Wednesday, January 5, 2011

Wading through the undertow

Here is another introductory piece in hopes of comprising a collection of tales, talks and walks of life between those borders of home & homeless, going & coming, lost and found.


Wading in these waters you’re bound to get a little wet. It is from this current that I want us to gaze. The old question of who consoles the counselor, who pastors the pastor and who heals the doctor deserves more than a cursory glance. An innocent by- stander can simply turn away from the yellow tape disaster scene while those frantically involved are intimately torn between flight and fright. Those of us treading in the waves of each other’s heavy seas should to prepared for both its beauty and force of when its comes a’ crashing.

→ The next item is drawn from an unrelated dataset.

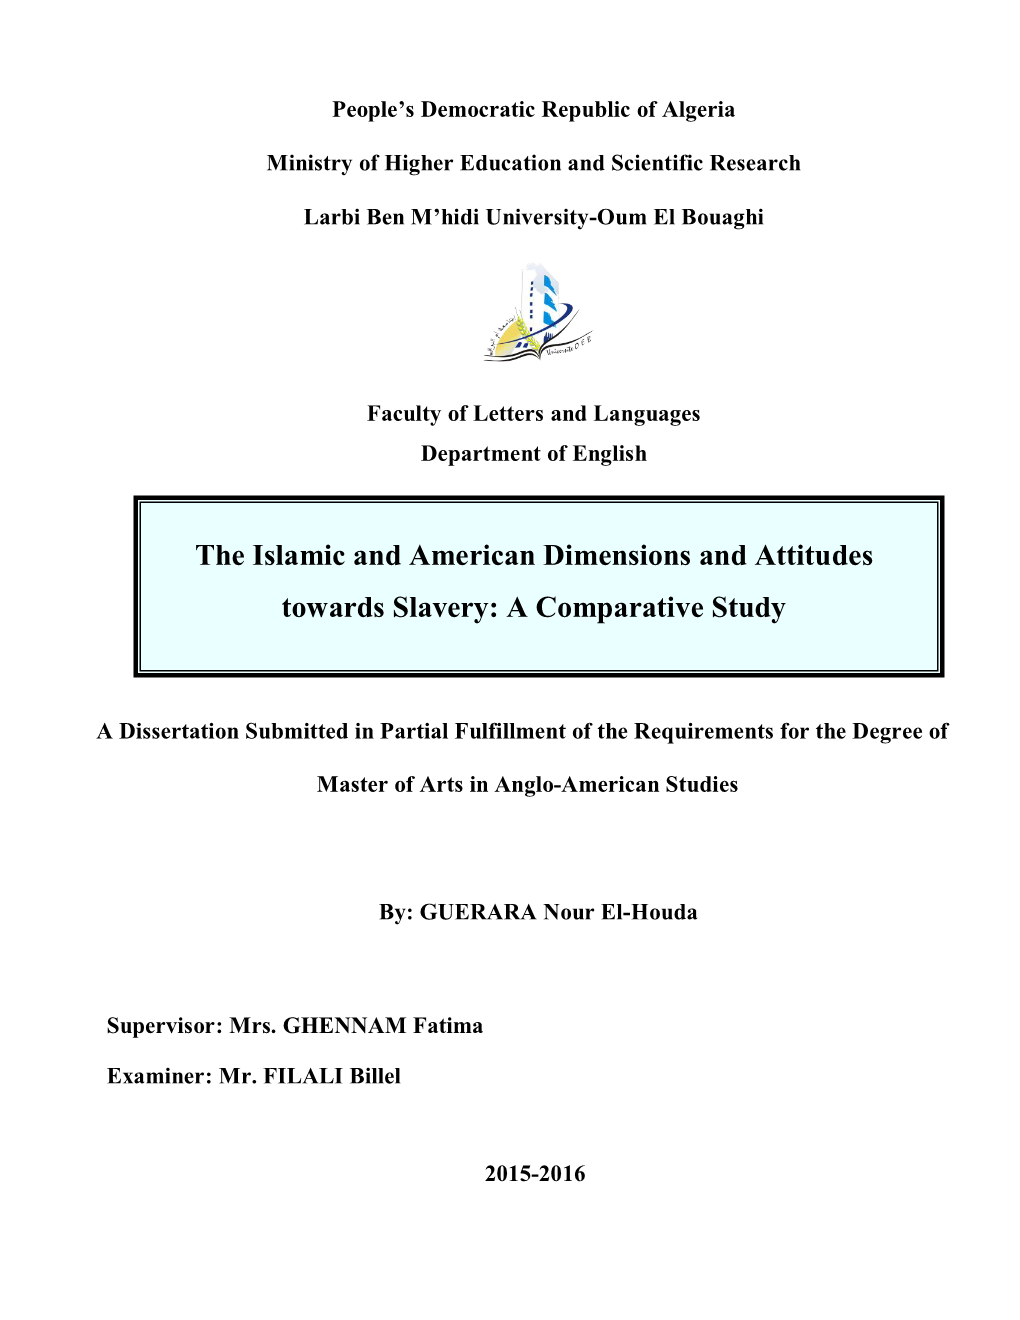 The Islamic and American Dimensions and Attitudes Towards Slavery: a Comparative Study

Bad advice is one thing, no advice is another. The best advice is entering into the other’s life with full compassion and understanding. However, this commitment takes vulnerability and the willingness of walking head-on into the snarled and twisted carnage of the others lives.

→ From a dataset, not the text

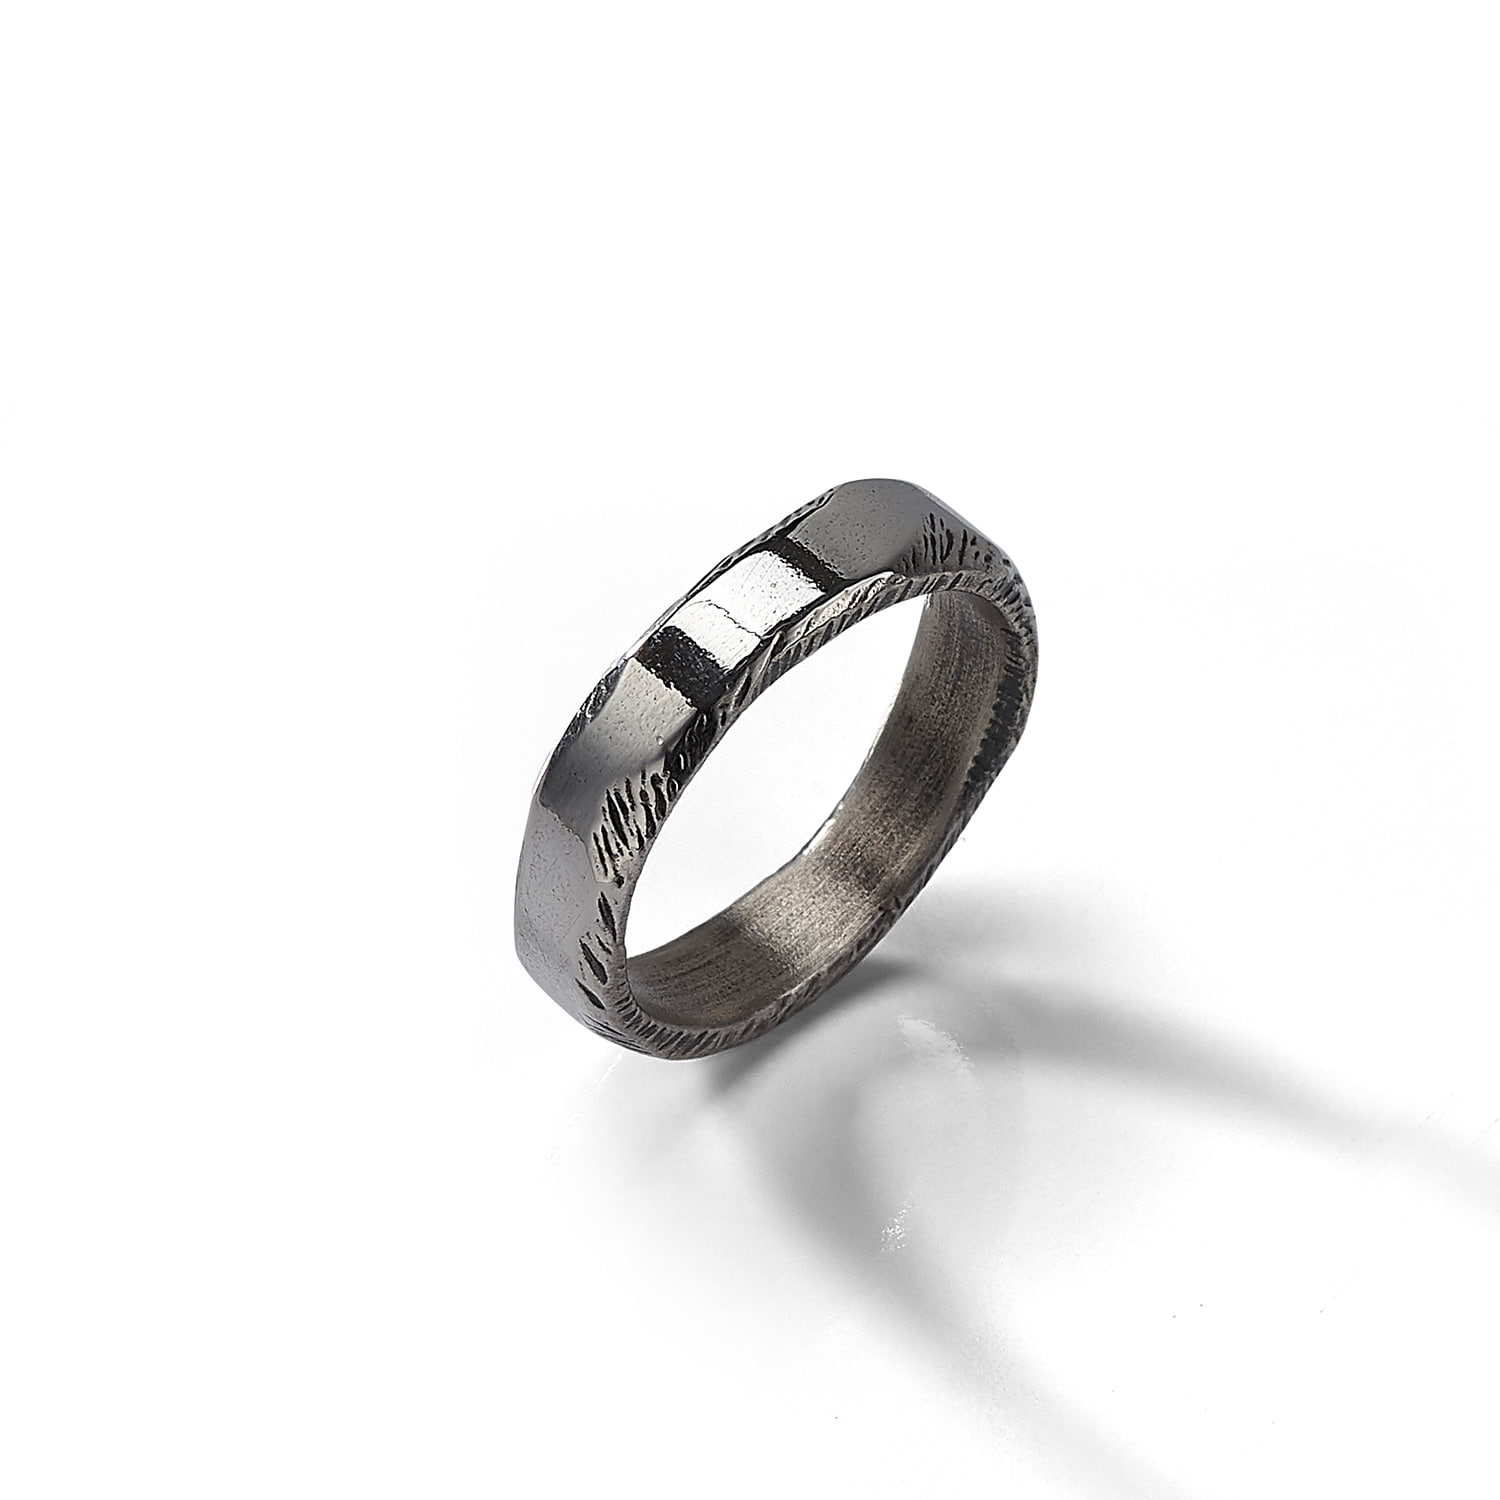 TEXTURE RING - 002

We all carry round parts of each other, whether we are cognizant or the fact of not. The size of our suitcases and bags display how well we process our inter-being with the rest of our world. When these bags start tripping us up, where do we unload all this stuff?

The brilliancy of AA is its simple ingredients of transparent honesty within yourself and the strength of committed community. Whether we are the ones carrying the load or the one clearing space/time to place all the extra baggage, we will need both honesty and group strength. Pioneers will quickly find themselves white knuckled behind bars or belly up at the bar.

It is through these conversations that expose just how much I yearn for a risk-free, safe, routine life divinely beamed down through that huge satellite of love & order. All this is scattered the moment I enter the life of one less fortunate. Before quickly trying to gather the shards of my once glass-clean existence, I’m forced to hold our broken edges of life up to the light. All these fractured, twisted, desperate tales beg an answer or some solace. That is when letting go of your shattered pieces of life and embracing the other, as a work in progress-happens. Entering the stories of others you must let go of the security of your own life, walking straight through that white picket fence and know that that divine satellite beams love, compassion and companionship to all; step one.